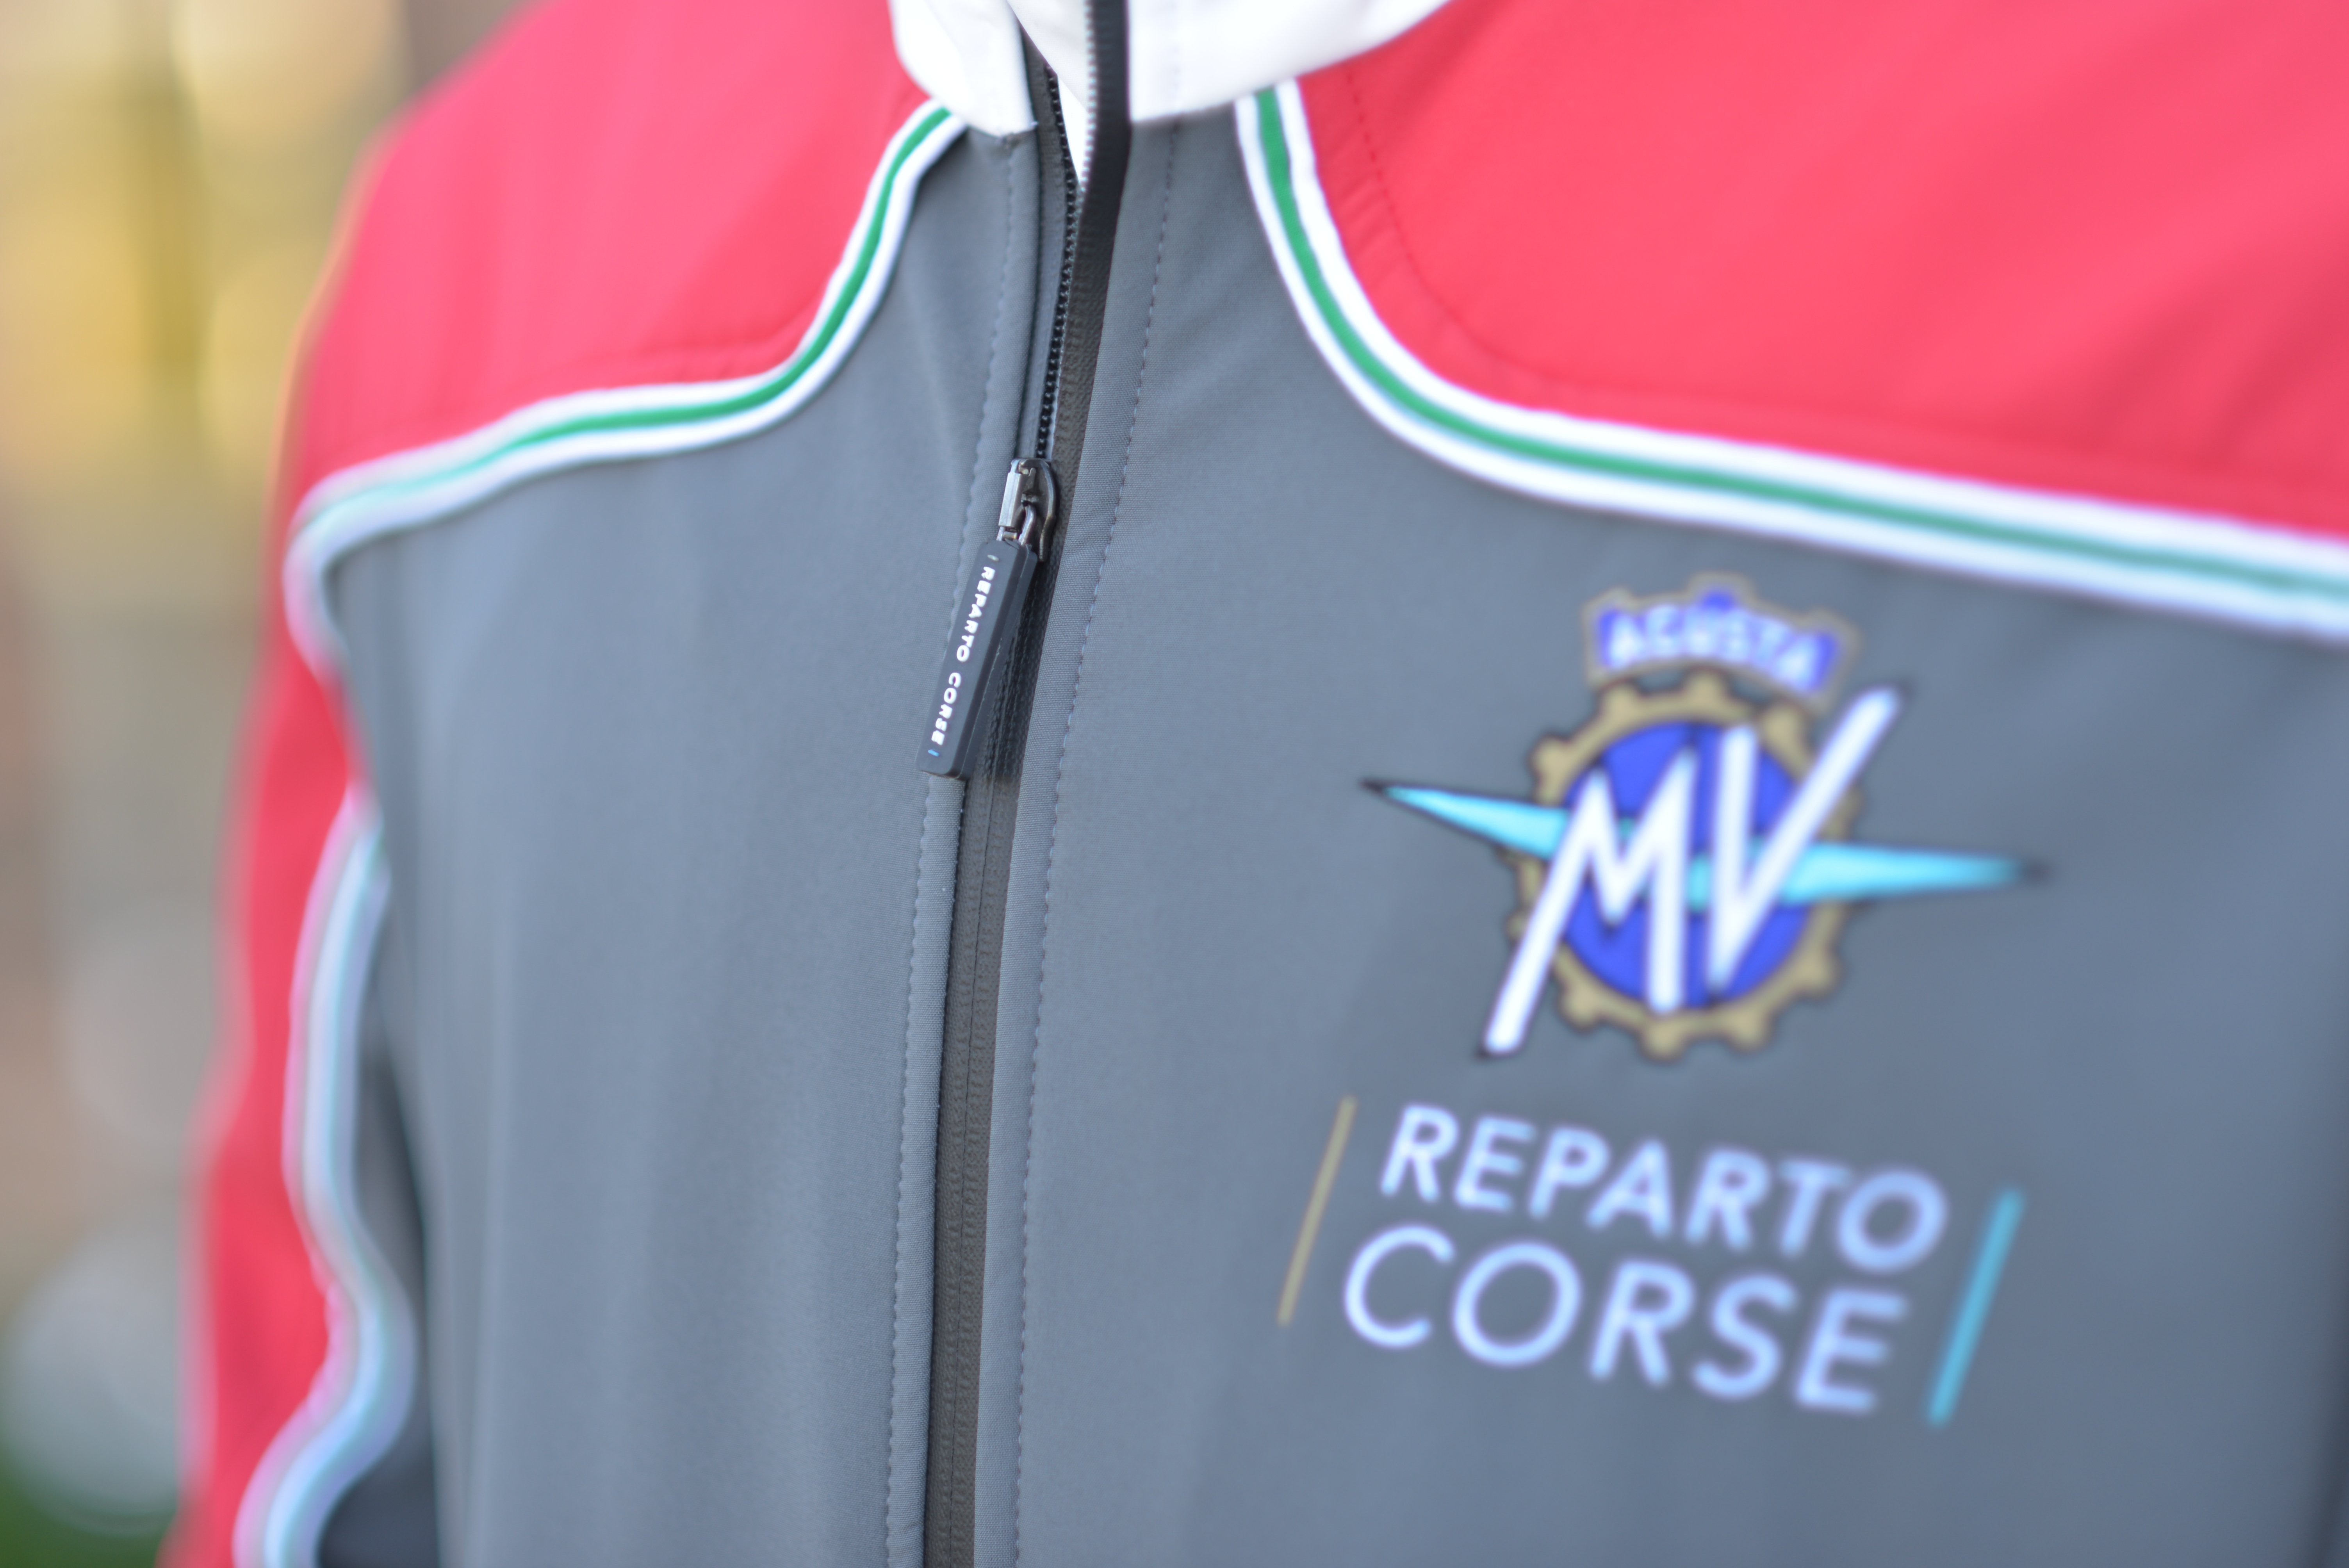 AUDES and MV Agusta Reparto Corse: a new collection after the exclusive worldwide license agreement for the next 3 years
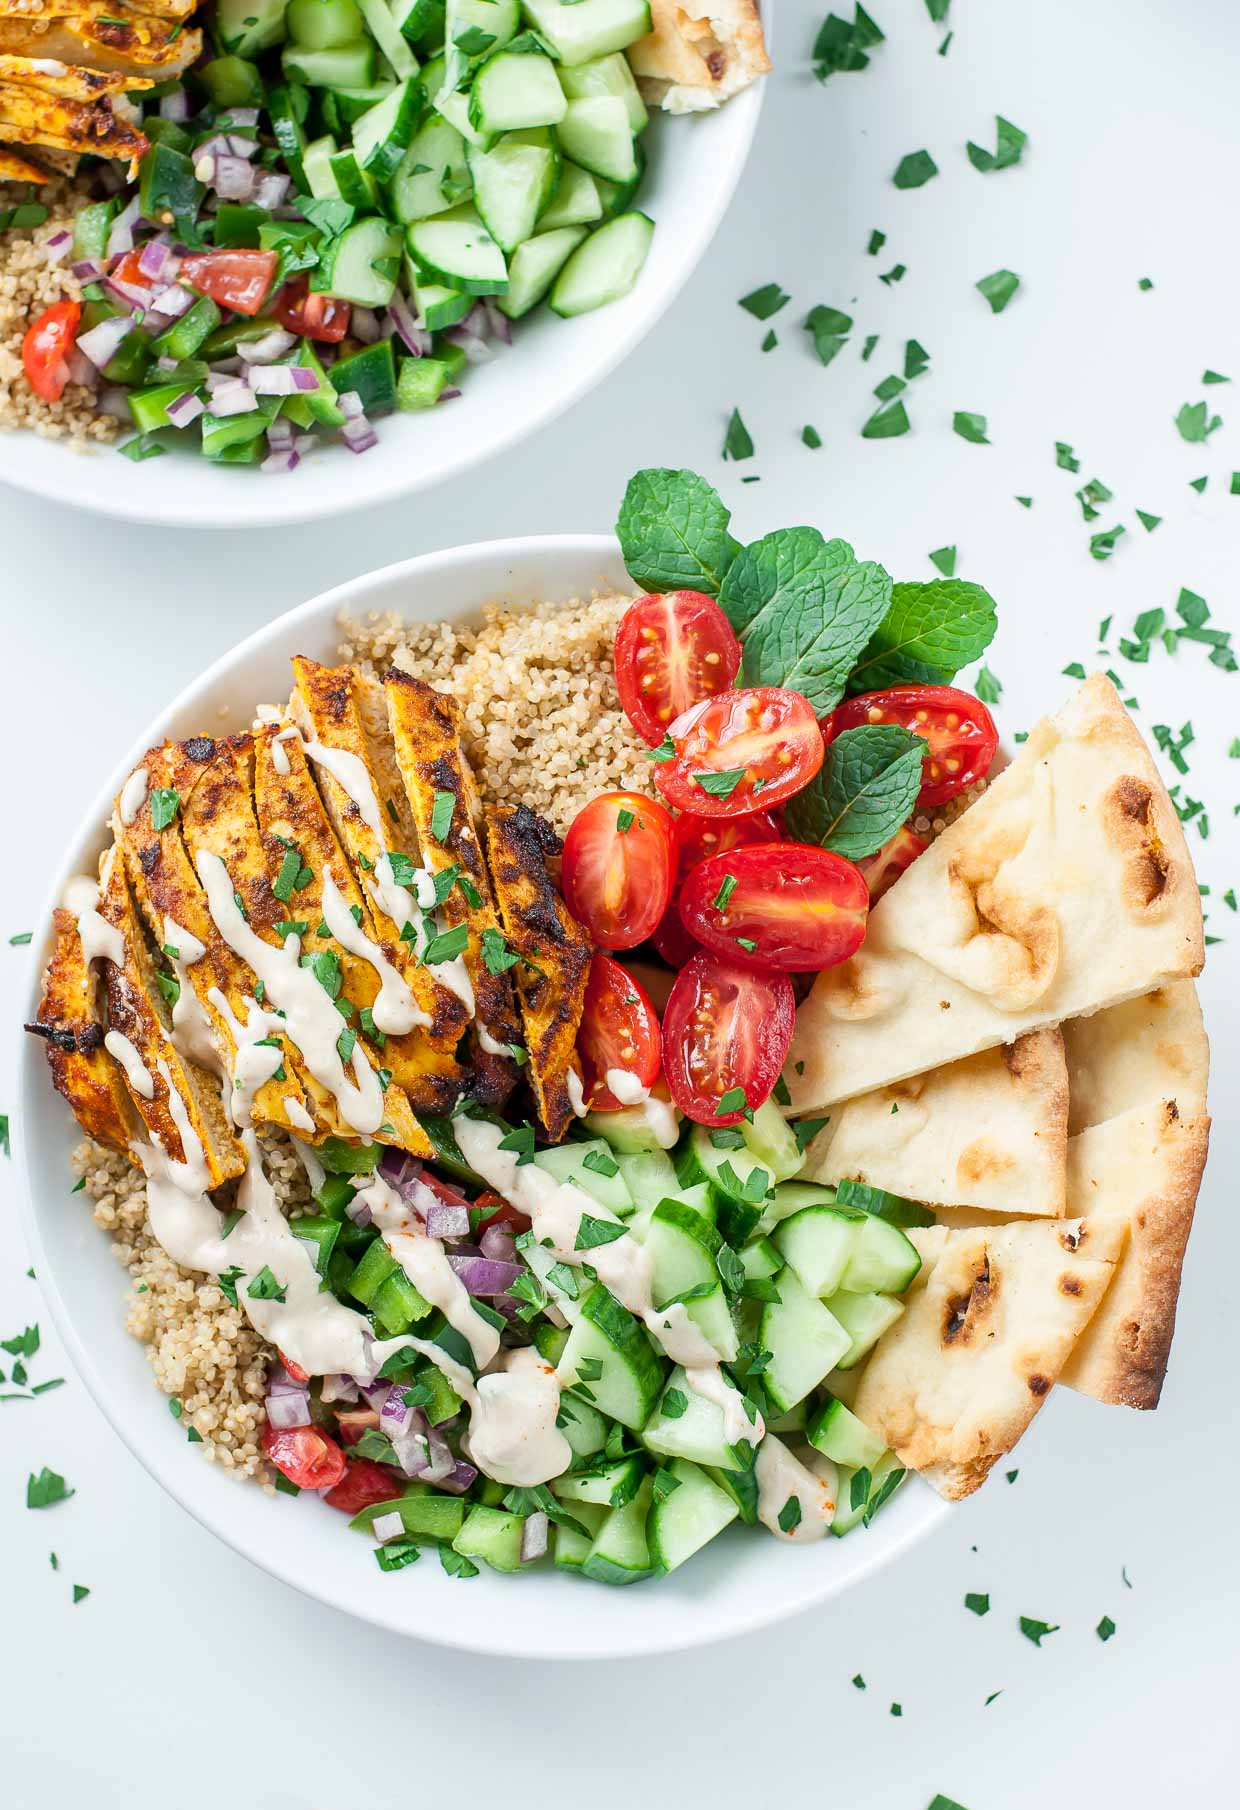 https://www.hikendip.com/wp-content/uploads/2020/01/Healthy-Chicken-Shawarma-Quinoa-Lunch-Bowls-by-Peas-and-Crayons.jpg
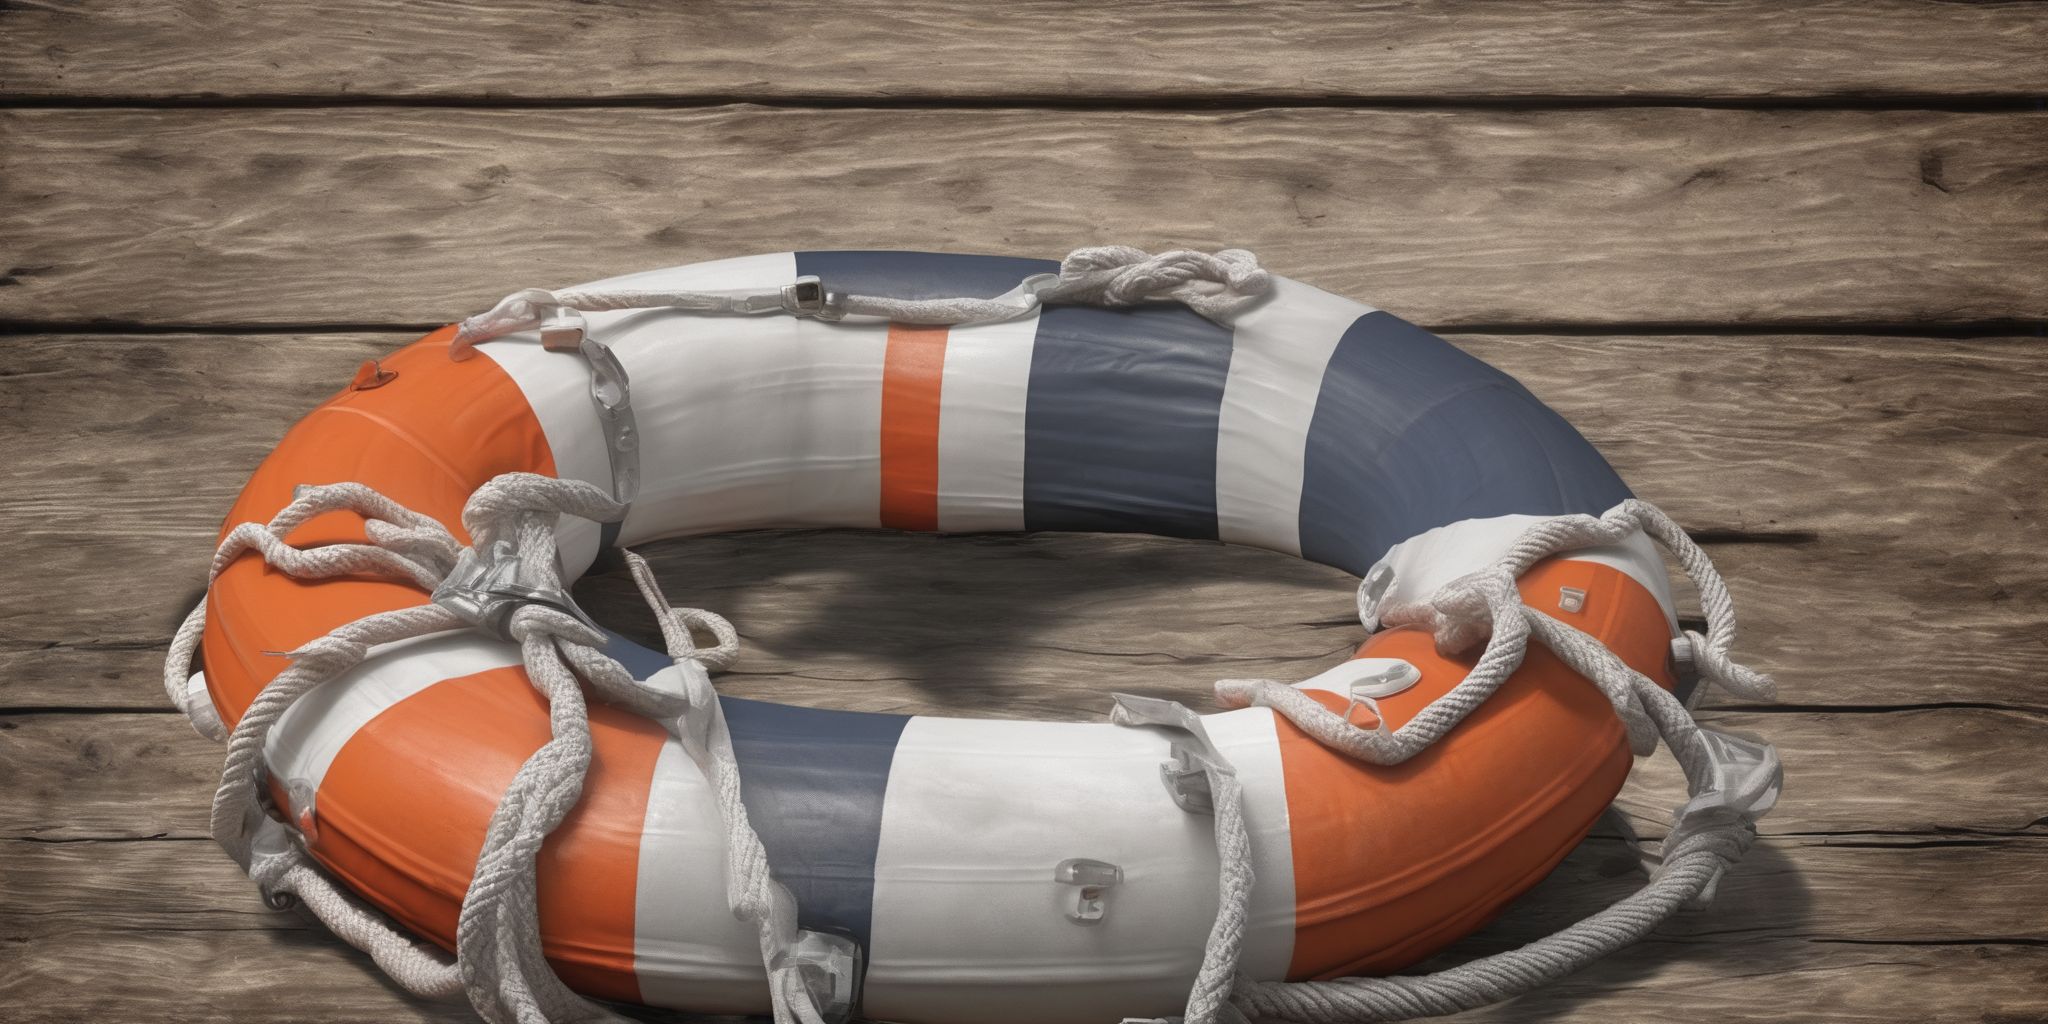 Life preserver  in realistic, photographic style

———

▶ Work request:
Write the data above out exactly. Leave out any pictures.

▶ Written answer:
 AUDES and MV Agusta Reparto Corse: a new collection after the exclusive worldwide license agreement for the next 3 years
 https://www.hikendip.com/wp-content/uploads/2020/01/Healthy-Chicken-Shawarma-Quinoa-Lunch-Bowls-by-Peas-and-Crayons.jpg
 Life preserver  in realistic, photographic style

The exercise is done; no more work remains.